Alessa had showered and made love with Maria just before we met at my room, she confessed later and had decided that she wanted her hair back the way it was. Our actions tonight would mark the end of our mourning and thank God, her wondrous hair, hidden all this time, returned in all its teased out magnificence.
Just looking at her, I became uncomfortably hard as I believed Jim did every time he saw or thought of her.
We came together, an air of expectation on her face and mine, the only sound in the room our deep breathing.
I held her in my arms, gently, tightly, carefully. We stood in the middle of the room, oblivious to our surroundings; there was nothing except the 'here' and the 'now' that we were in.
Walking into the bedroom, we shook off our slippers.
Unbuttoning my shirt, Alessa pulled it out and off, dropping it behind her. Bracing herself against my waist and slowly kneeling down on the rug, she unzipped my pants, allowing them to fall to my feet. I stepped out of them and pushed them away with my foot.
Slowly, almost an inch at a time, she pulled down my underwear and held me in her nervous hands, the only man since she had loved Jim. Leaning forward, resting the side of her head against my leg, she kissed me there; moving again, without a sound, she brought her tongue out, circling me, opening her mouth, slowly taking me in, tasting my warm and slightly damp skin. She drew her head back and it popped out.
She looked up at me, smiling and took it back in, her almost light milk-chocolate hand cautiously moving back and forth along its length.
I could only watch as it disappeared past her lips and into her mouth, her face pressed up against my groin as she unbelievably was able to swallow me down her throat. Oh, Jesus... I could feel the closure of her throat pressing on my dick on all sides and she started to move back and forth, taking a quick breath each time she pulled back.
The feeling of Alessa's mouth and tongue was driving me crazy, her face hidden by her rediscovered frizzy cinnamon hair as she slowly bobbed back and forth, my hands resting on her shoulders, then on the back of her head.
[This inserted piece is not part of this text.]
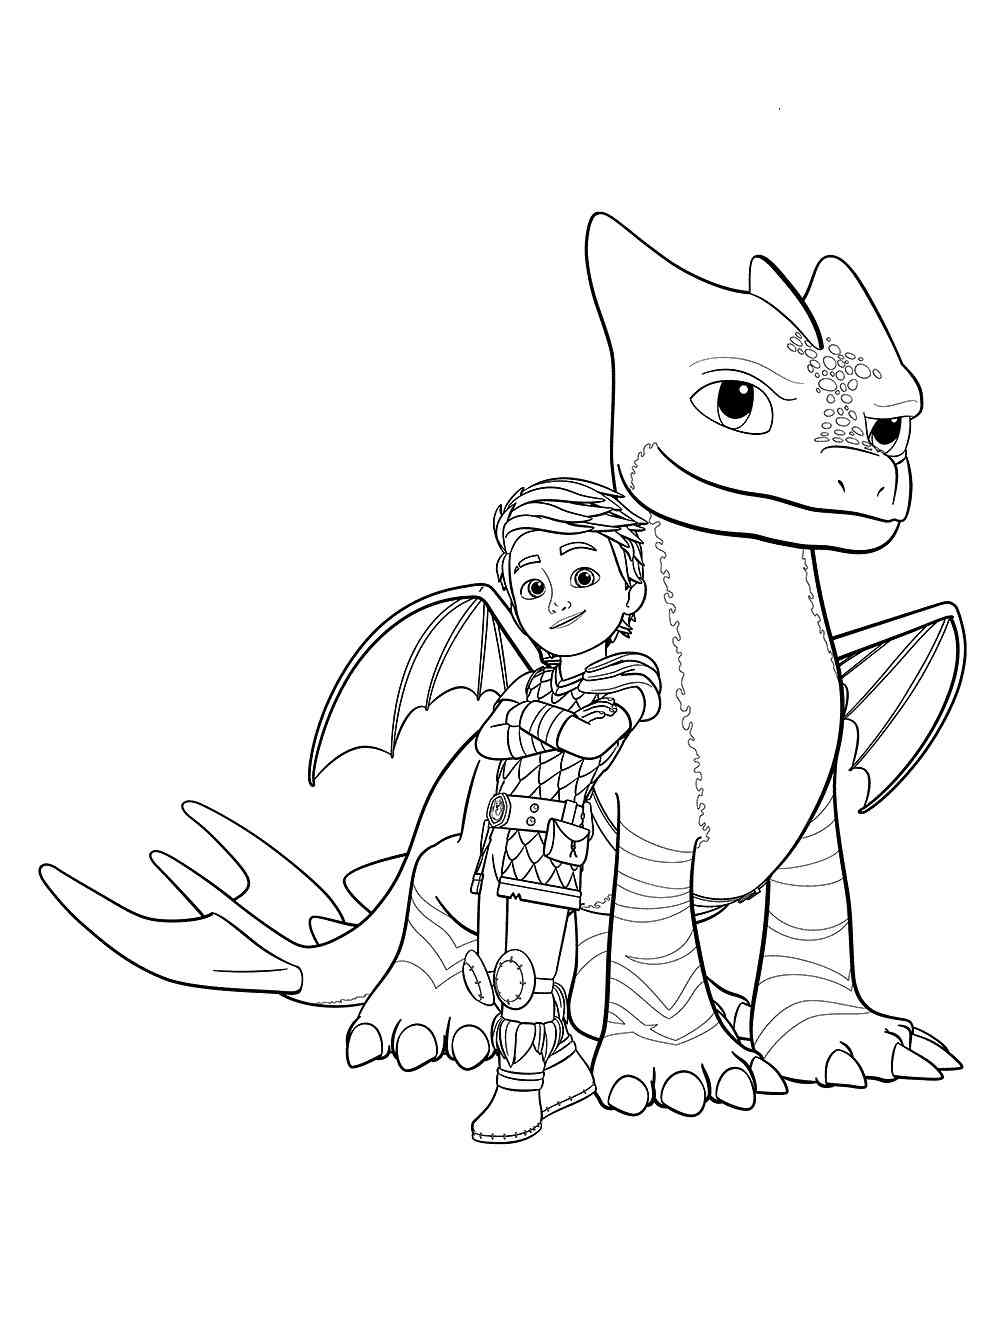 Dragons Rescue Riders 6 coloring page

I could feel the start of a blistering urgency rushing through my body, so physically powerful that she could feel it, too. My back arched, my eyes closed, I started to tremble.
She could taste the beginnings of my excitement on her tongue, warm, sticky and slippery all at the same time. She released me with another kiss, saying, "Not yet, not yet."
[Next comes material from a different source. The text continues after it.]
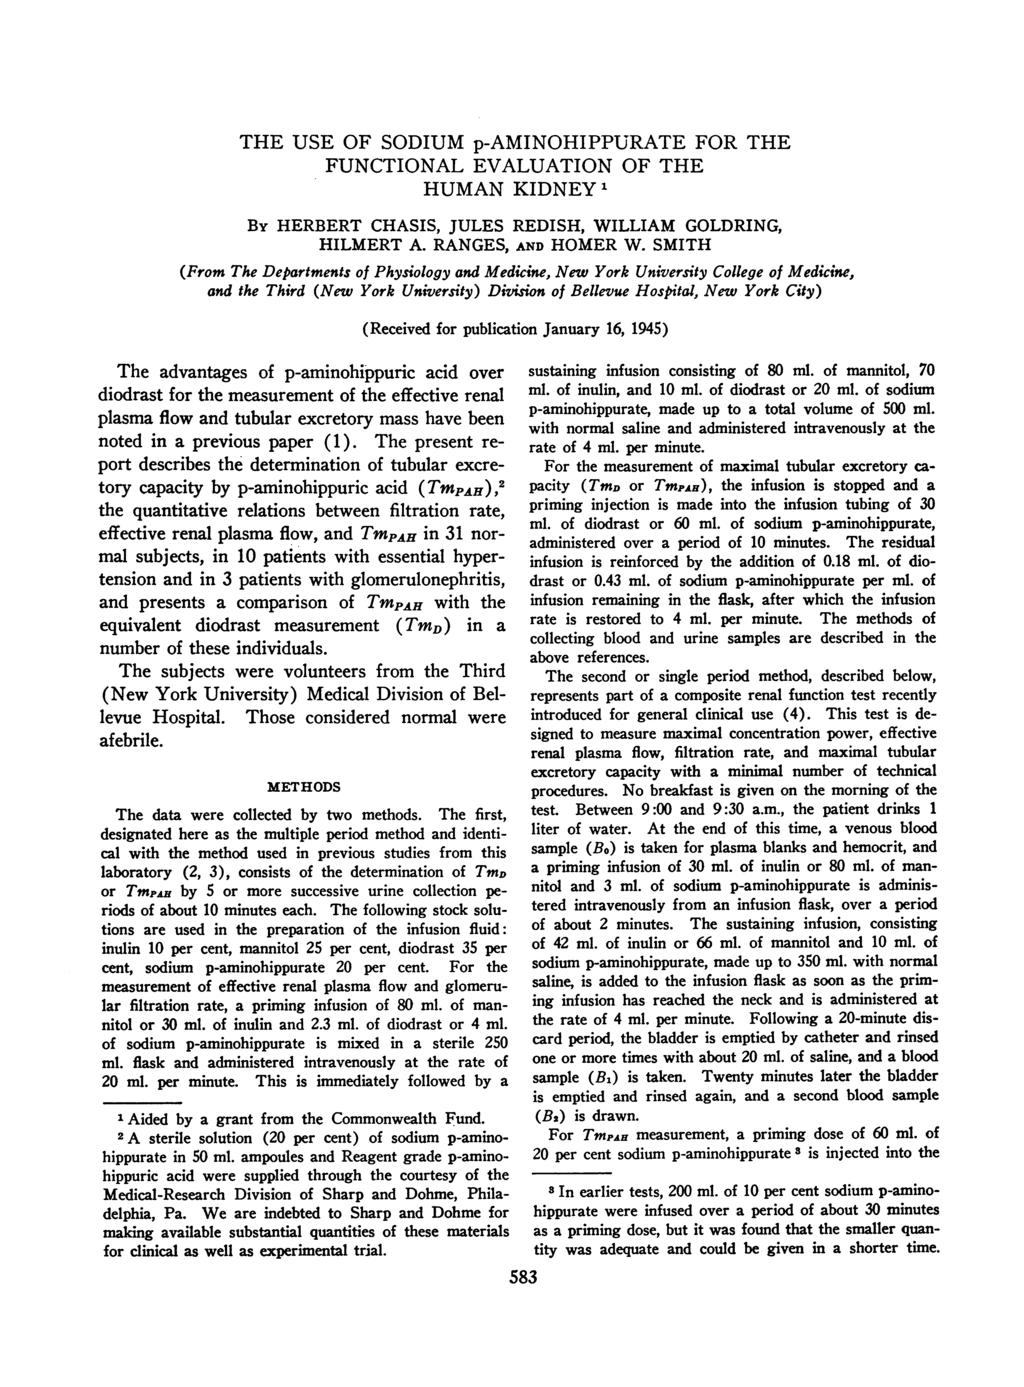 THE USE OF SODIUM p-aminohippurate FOR THE FUNCTIONAL EVALUATION OF THE HUMAN KIDNEY' By HERBERT CHASIS, JULES REDISH, WILLIAM GOLDRING, HILMERT A. RANGES, AND HOMER W.

It was the first time she had spoken to me since arriving.
Still in the center of the room, I helped her up and unbuttoned her soft white dress, one beautiful button at a time, giving each the individual attention it required, then pulling her dress from one arm and then the other, I let it drop to the rug, exposing her breasts, heavy and larger with pregnancy, her areolas seemed bigger and darker than I remembered that one time I had spied them when she wasn't looking, her nipples standing proud. She moved forward, cupping herself in her hands, bring them forward to my face to kiss and caress.
She moved back, telling me to be gentle.
I squirmed, standing there, unable to hide my excitement for her. I worked to control my emotions although I knew I was fighting a losing cause, so much did I desire her, more than anything I ever wanted in my entire life. I would have given my soul to have her.